> **YOUR OBJECTIVE**
Make an exact copy of the data below, leaving out every picture.

> **MATERIAL PROVIDED**
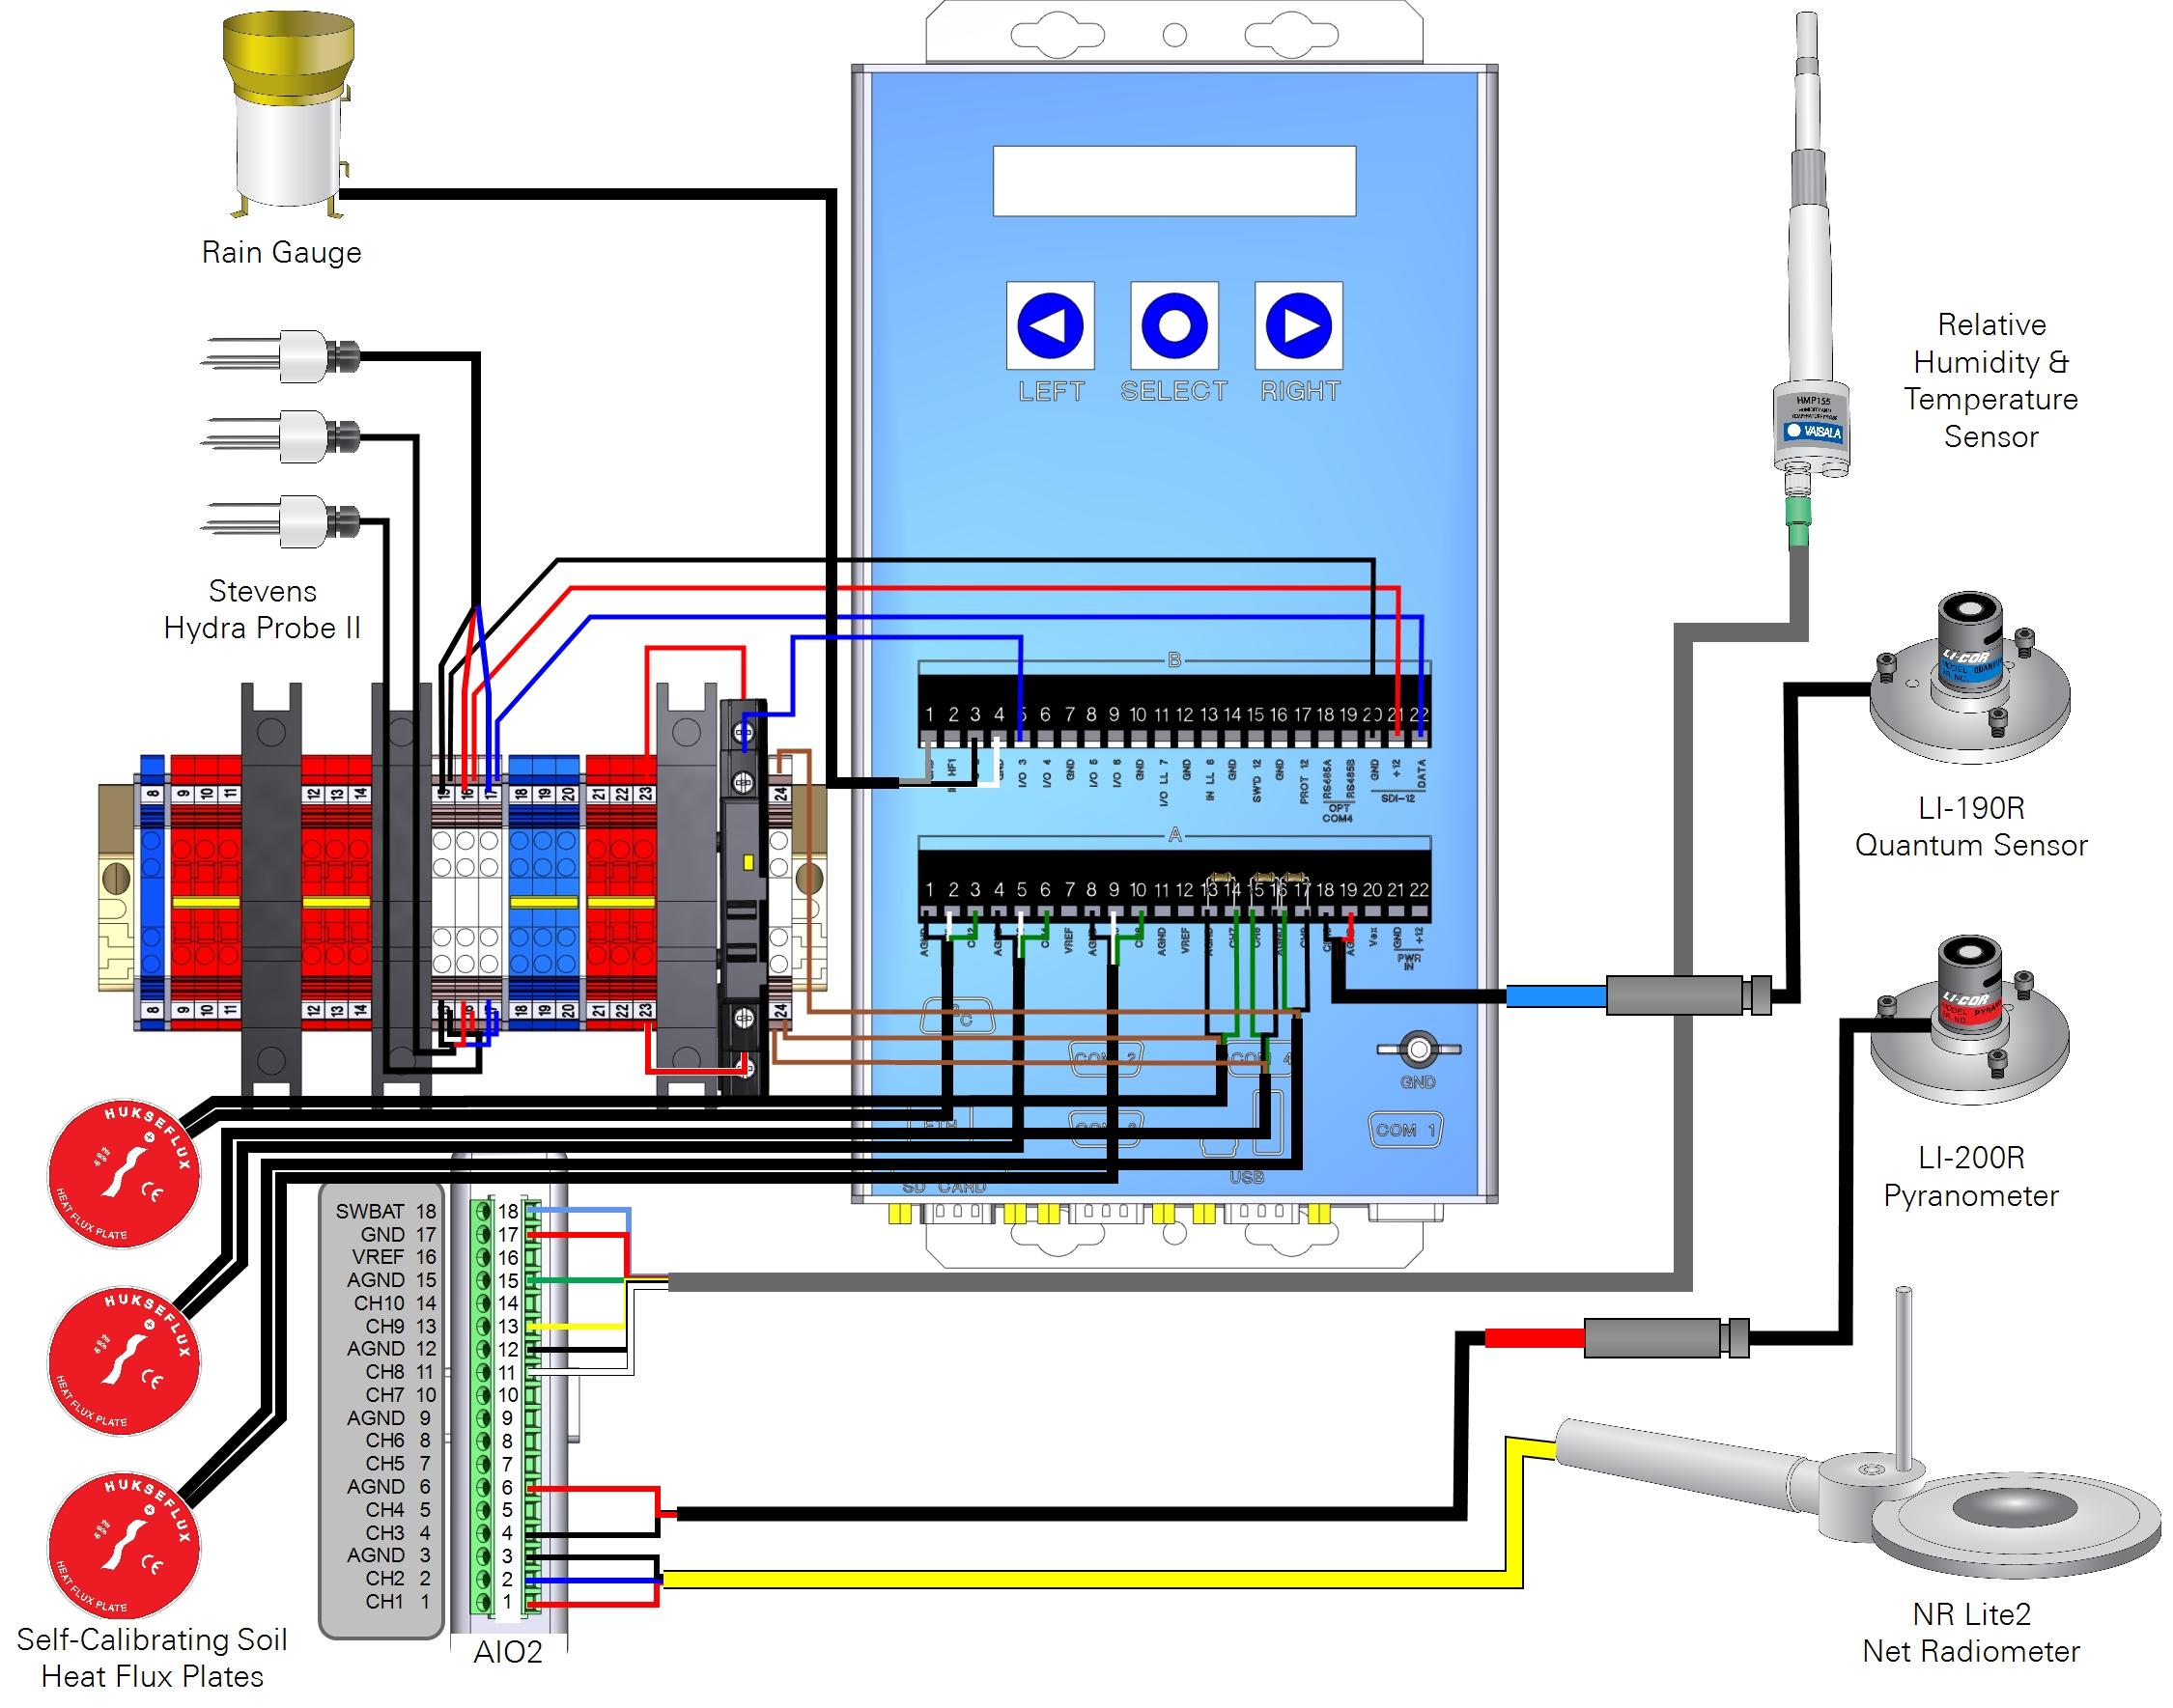 Fabulous Biomet System Using Biomet Programs Wiring Cloud Hisonuggs Outletorg
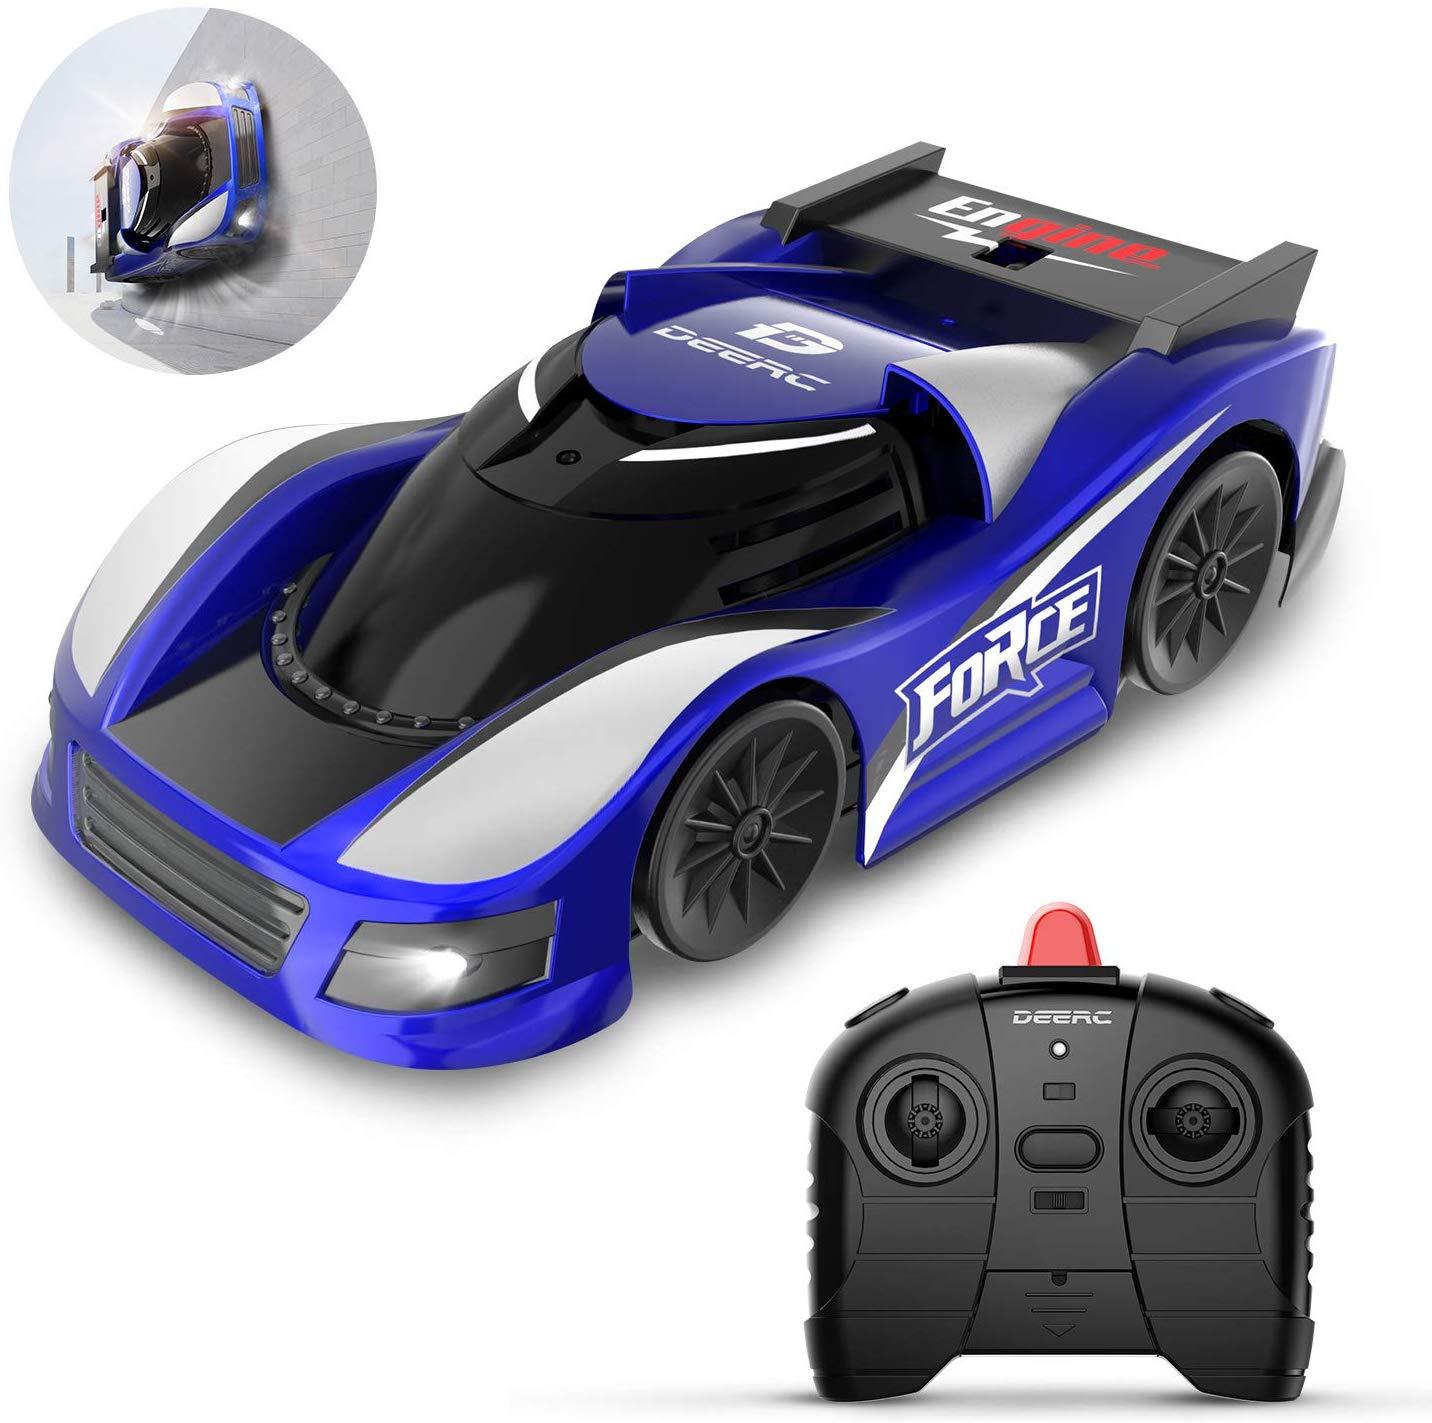 5 Pieces 3 Channels Car RC 2 Leds Light Control Switch for RC Vehicles Car
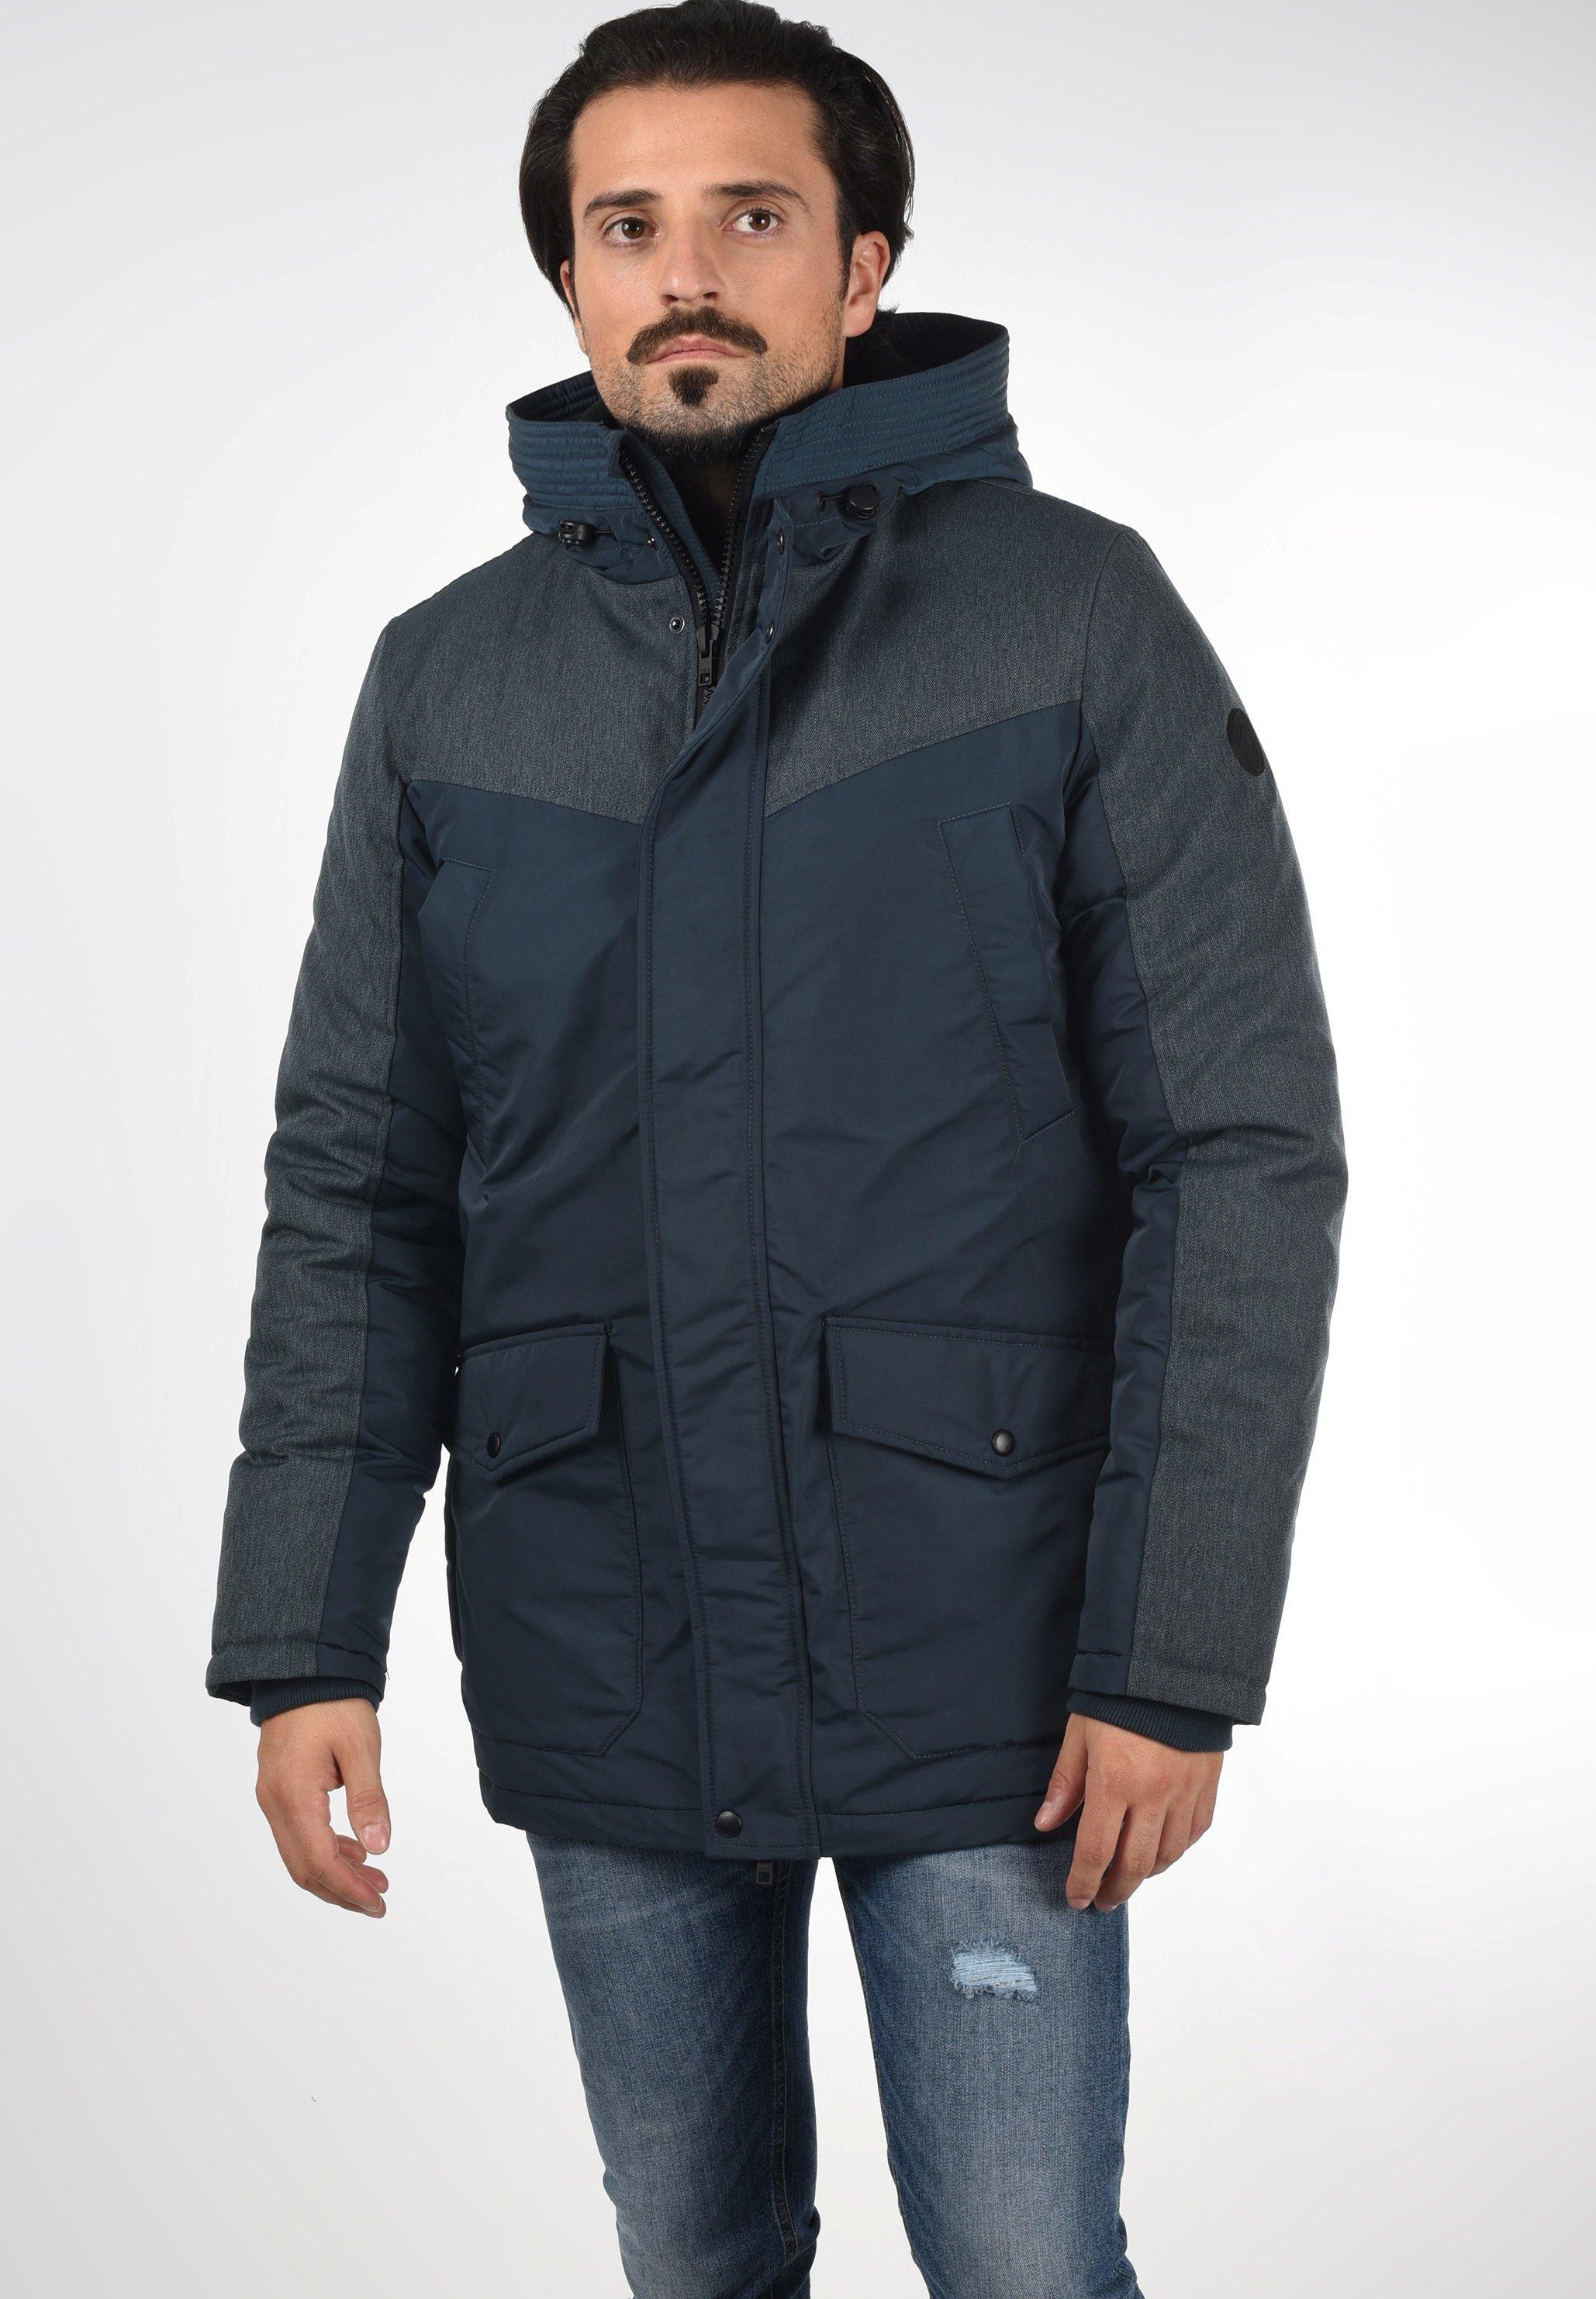 Homme INKO - Veste d'hiver

> **EXPECTED ANSWER**
 Fabulous Biomet System Using Biomet Programs Wiring Cloud Hisonuggs Outletorg
 5 Pieces 3 Channels Car RC 2 Leds Light Control Switch for RC Vehicles Car
 Homme INKO - Veste d'hiver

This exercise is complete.